I have this data frame df1,
id lat_long
400743 2504043 (175.0976323, -41.1141412)
43203 1533418 (173.976683, -35.2235338)
463952 3805508 (174.6947496, -36.7437555)
1054906 3144009 (168.0105269, -46.36193)
214474 3030933 (174.6311167, -36.867717)
1008802 2814248 (169.3183615, -45.1859095)
988706 3245376 (171.2338968, -44.3884099)
492345 3085310 (174.740957, -36.8893026)
416106 3794301 (174.0106383, -35.3876921)

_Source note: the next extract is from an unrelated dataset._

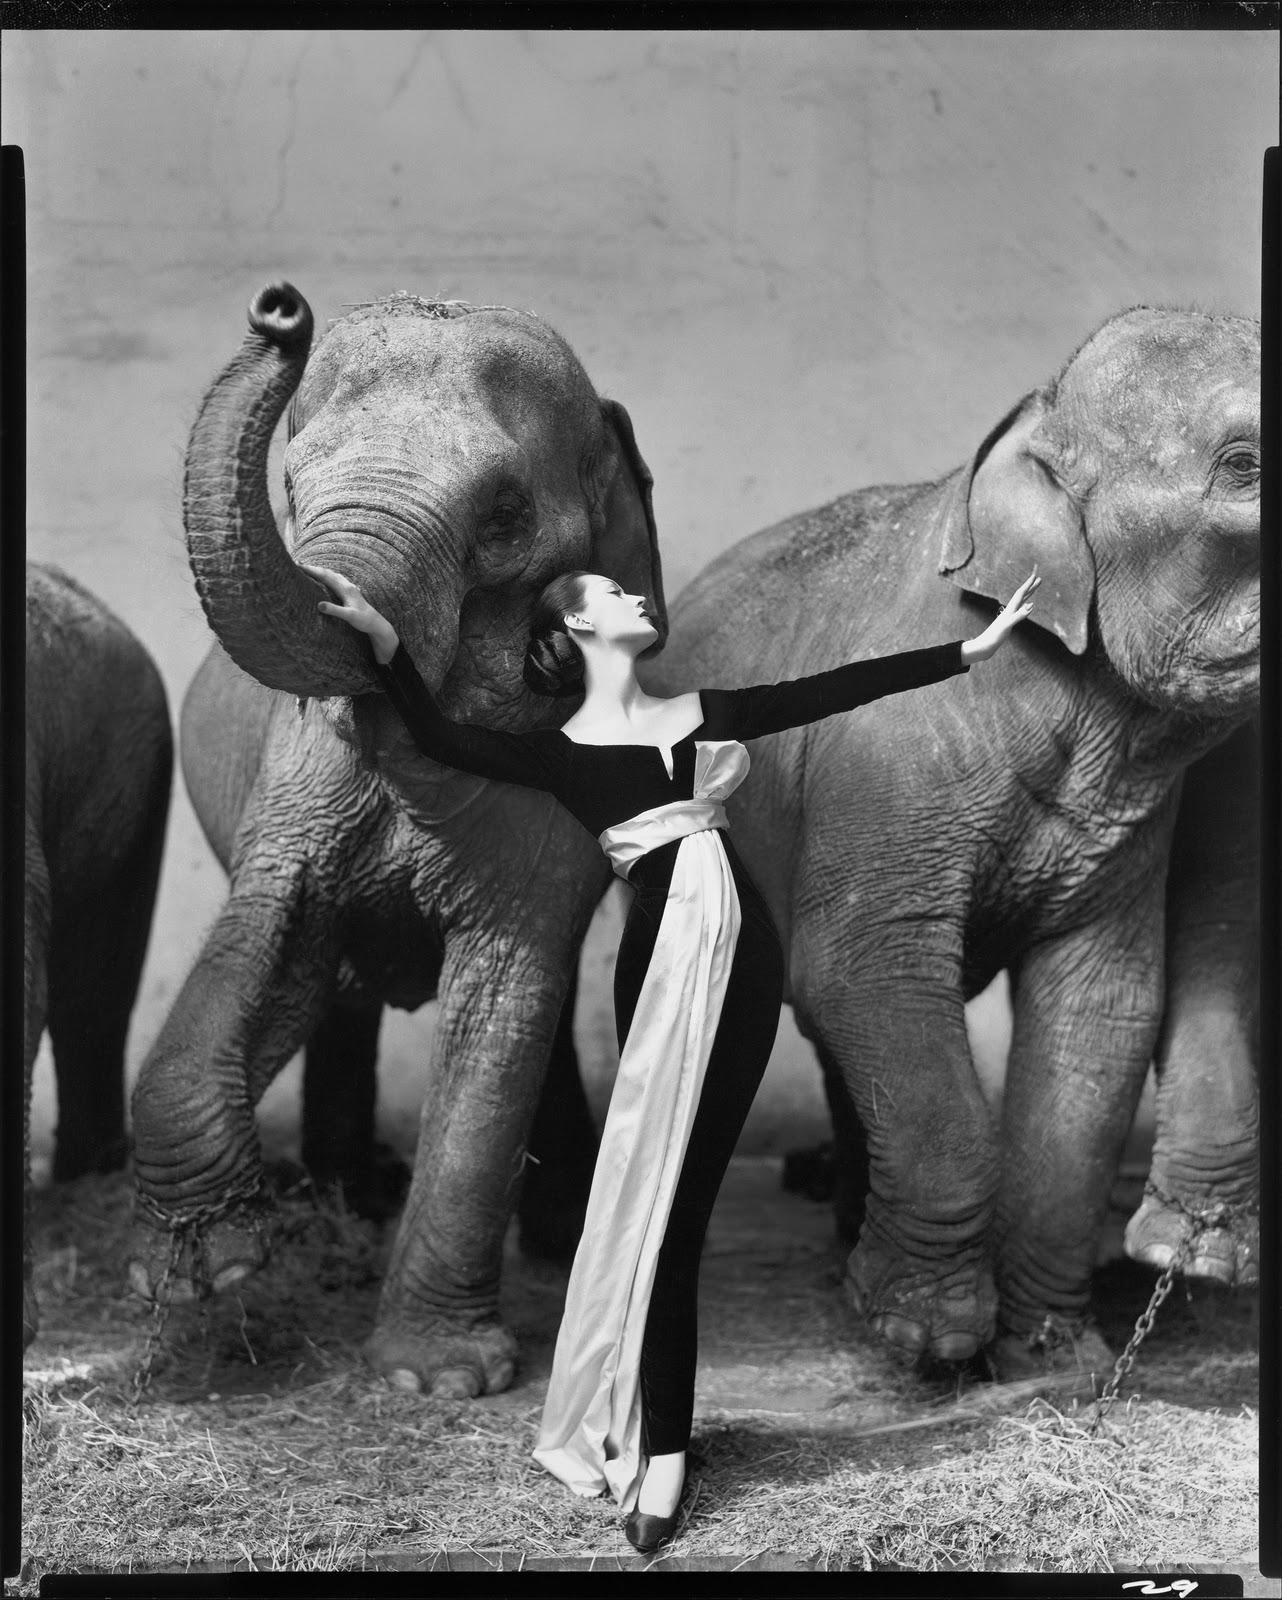 http://2.bp.blogspot.com/-ZUYZDQRXig8/TsqKohzT09I/AAAAAAAABHA/vdSG9yZ2meg/s1600/Dovima+with+Elephants%252C+Evening+Dress+by+Dior%252C+Cirque+d%25E2%2580%2599Hiver%252C+Paris%252C+August+1955..jpg
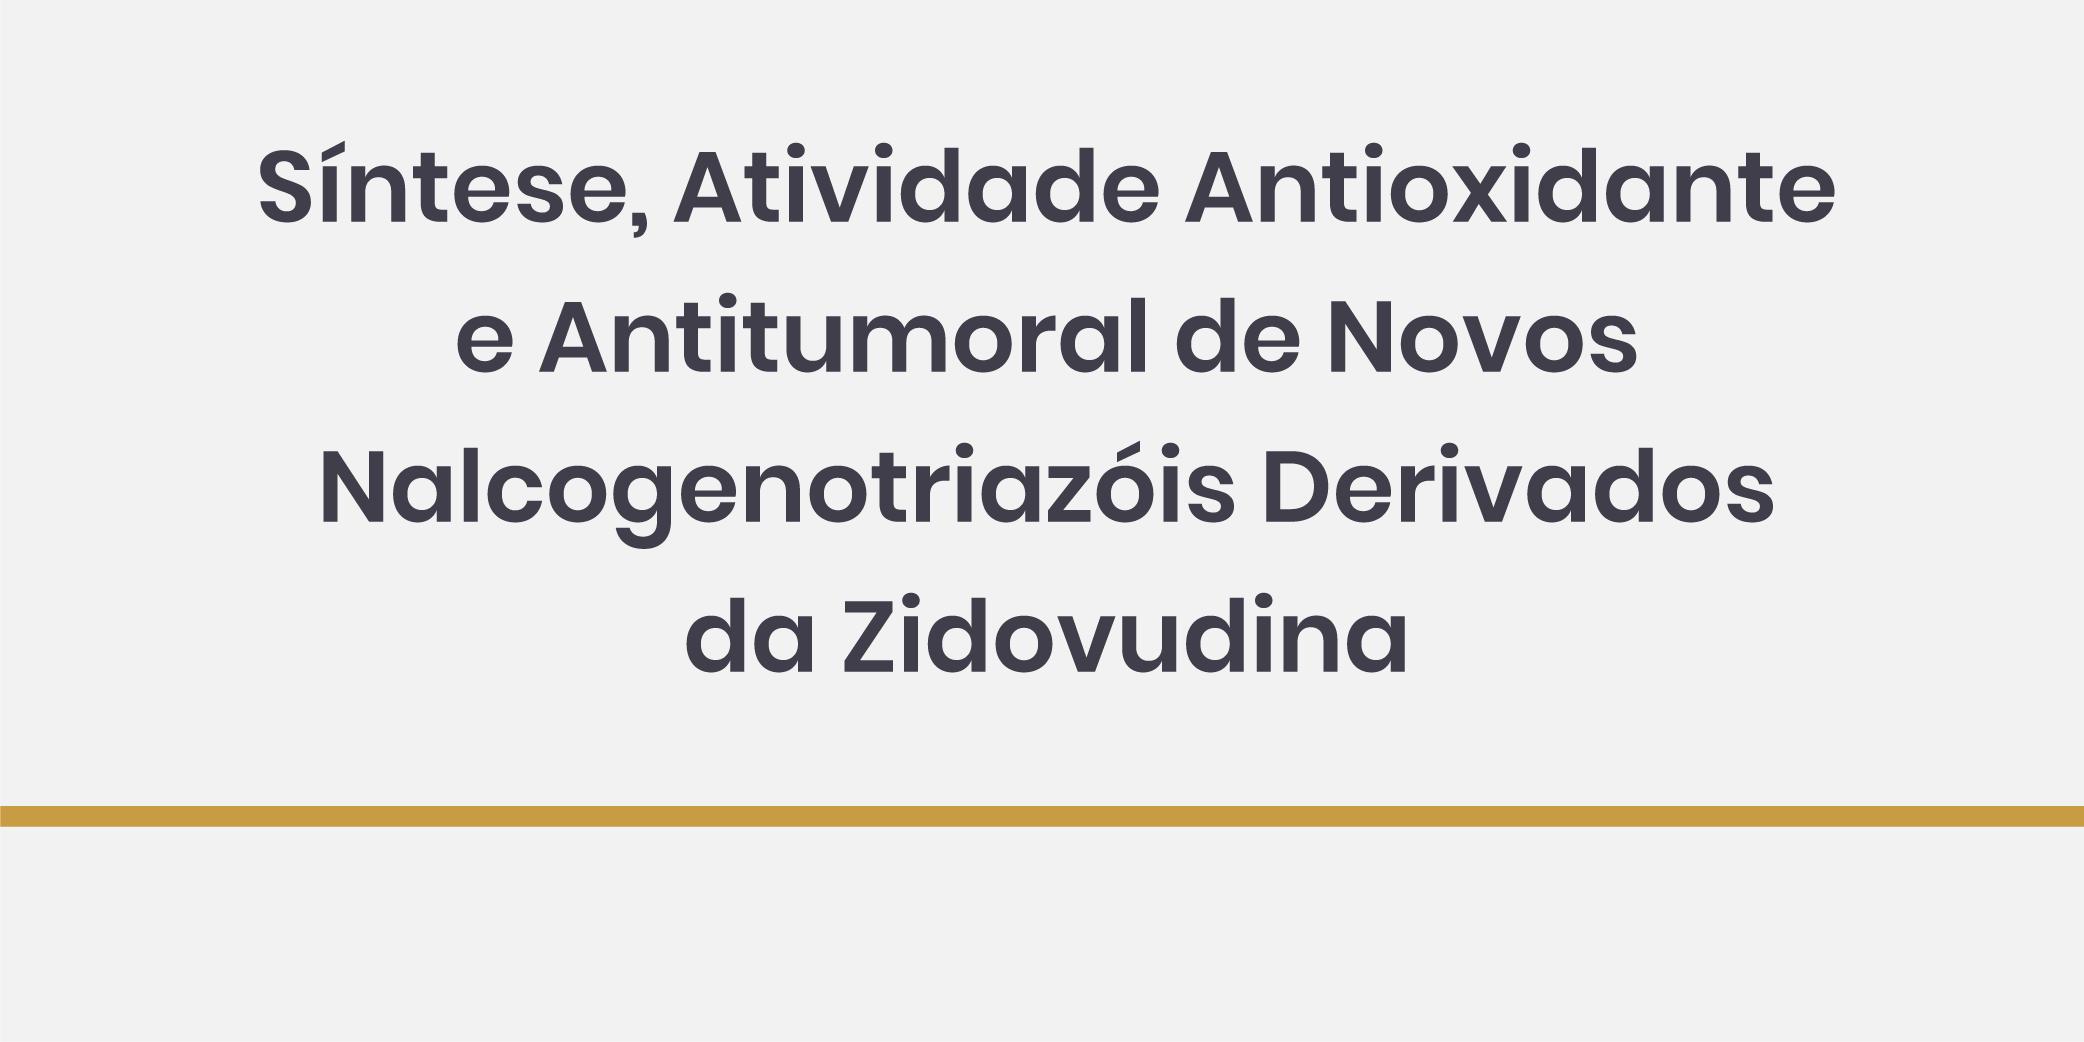 Síntese, Atividade Antioxidante e Antitumoral de Novos Nalcogenotriazóis Derivados da Zidovudina

937313 3114127 (174.8436185, -37.80499)
I have constructed the tree for search here,
def construct_geopoints(s):
data_geopoints = [tuple(x) for x in s[['longitude','latitude']].to_records(index=False)]
tree = KDTree(data_geopoints, distance_metric='Arc', radius=pysal.cg.RADIUS_EARTH_KM)
return tree
tree = construct_geopoints(actualdata)
Now, I am trying to search all the geopoints which are within 1KM of every geopoint in my data frame df1. Here is how I am doing,
dfs = []
for name,group in df1.groupby(np.arange(len(df1))//10000):
s = group.reset_index(drop=True).copy()
pts = list(s['lat_long'])
neighbours = tree.query_ball_point(pts, 1)
s['neighbours'] = pd.Series(neighbours)
dfs.append(s)
output = pd.concat(dfs,axis = 0)
Everything here works fine, however I am trying to parallelise this task, since my df1 size is 2M records, this process is running for more than 8 hours. Can anyone help me on this? And another thing is, the result returned by query_ball_point is a list and so its throwing memory error when I am processing it for the huge amount of records. Any way to handle this.
EDIT :- Memory issue, look at the VIRT size.